DATA =
++++++++
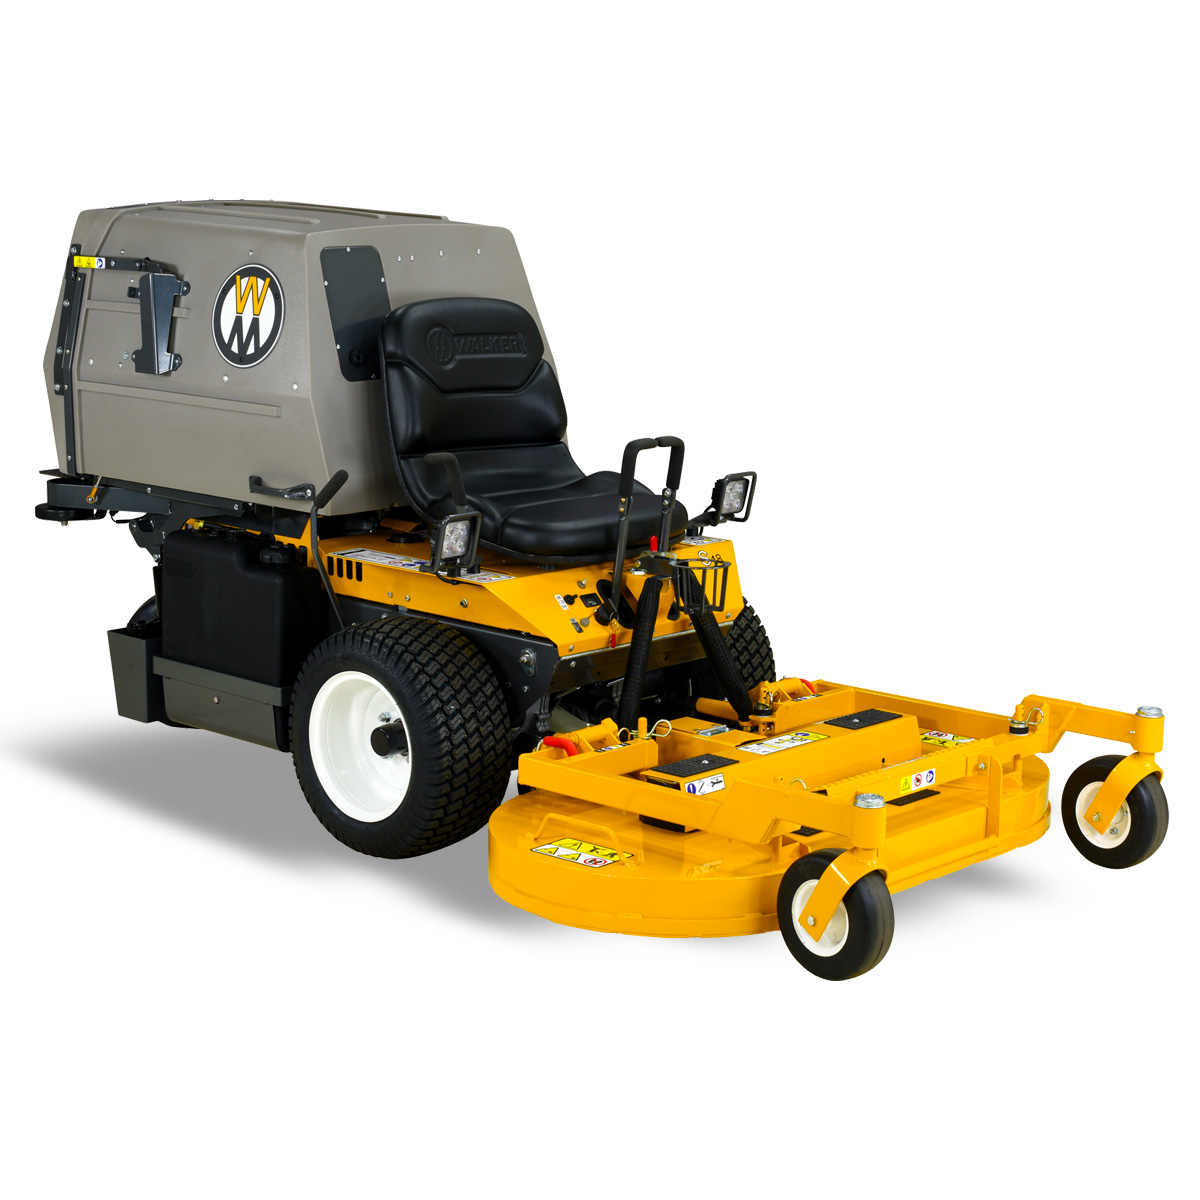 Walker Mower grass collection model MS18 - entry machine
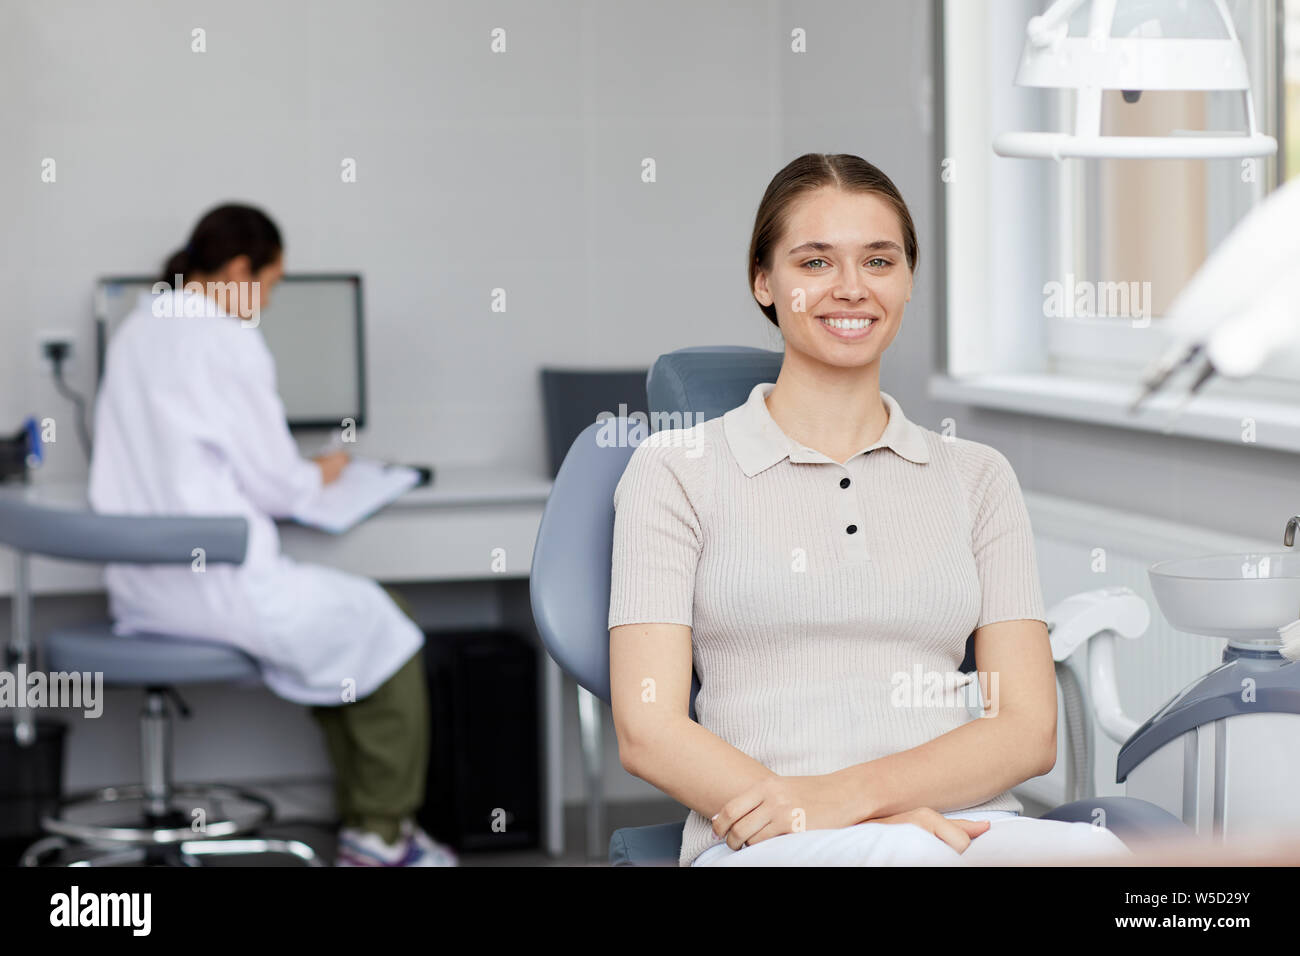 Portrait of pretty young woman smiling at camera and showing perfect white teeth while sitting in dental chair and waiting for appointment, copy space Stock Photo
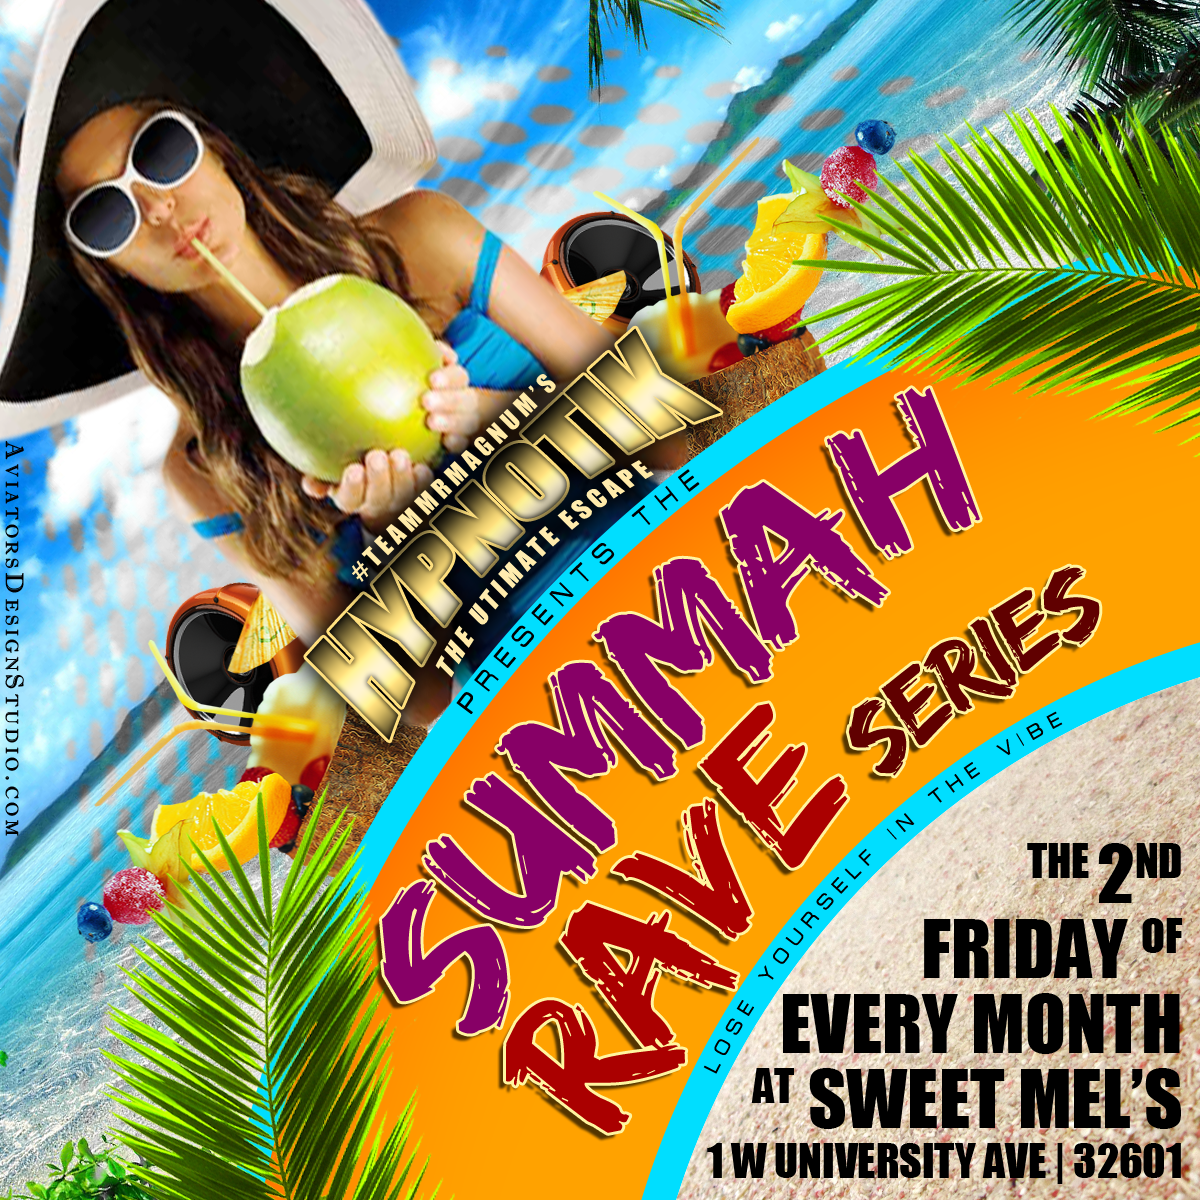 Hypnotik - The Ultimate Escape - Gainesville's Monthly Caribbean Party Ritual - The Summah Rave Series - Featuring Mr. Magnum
++++++++
TASK GOAL =
Reproduce all of the data exactly; the pictures do not belong in the copy.

SOLVED EXERCISE =
 Walker Mower grass collection model MS18 - entry machine
 Portrait of pretty young woman smiling at camera and showing perfect white teeth while sitting in dental chair and waiting for appointment, copy space Stock Photo
 Hypnotik - The Ultimate Escape - Gainesville's Monthly Caribbean Party Ritual - The Summah Rave Series - Featuring Mr. Magnum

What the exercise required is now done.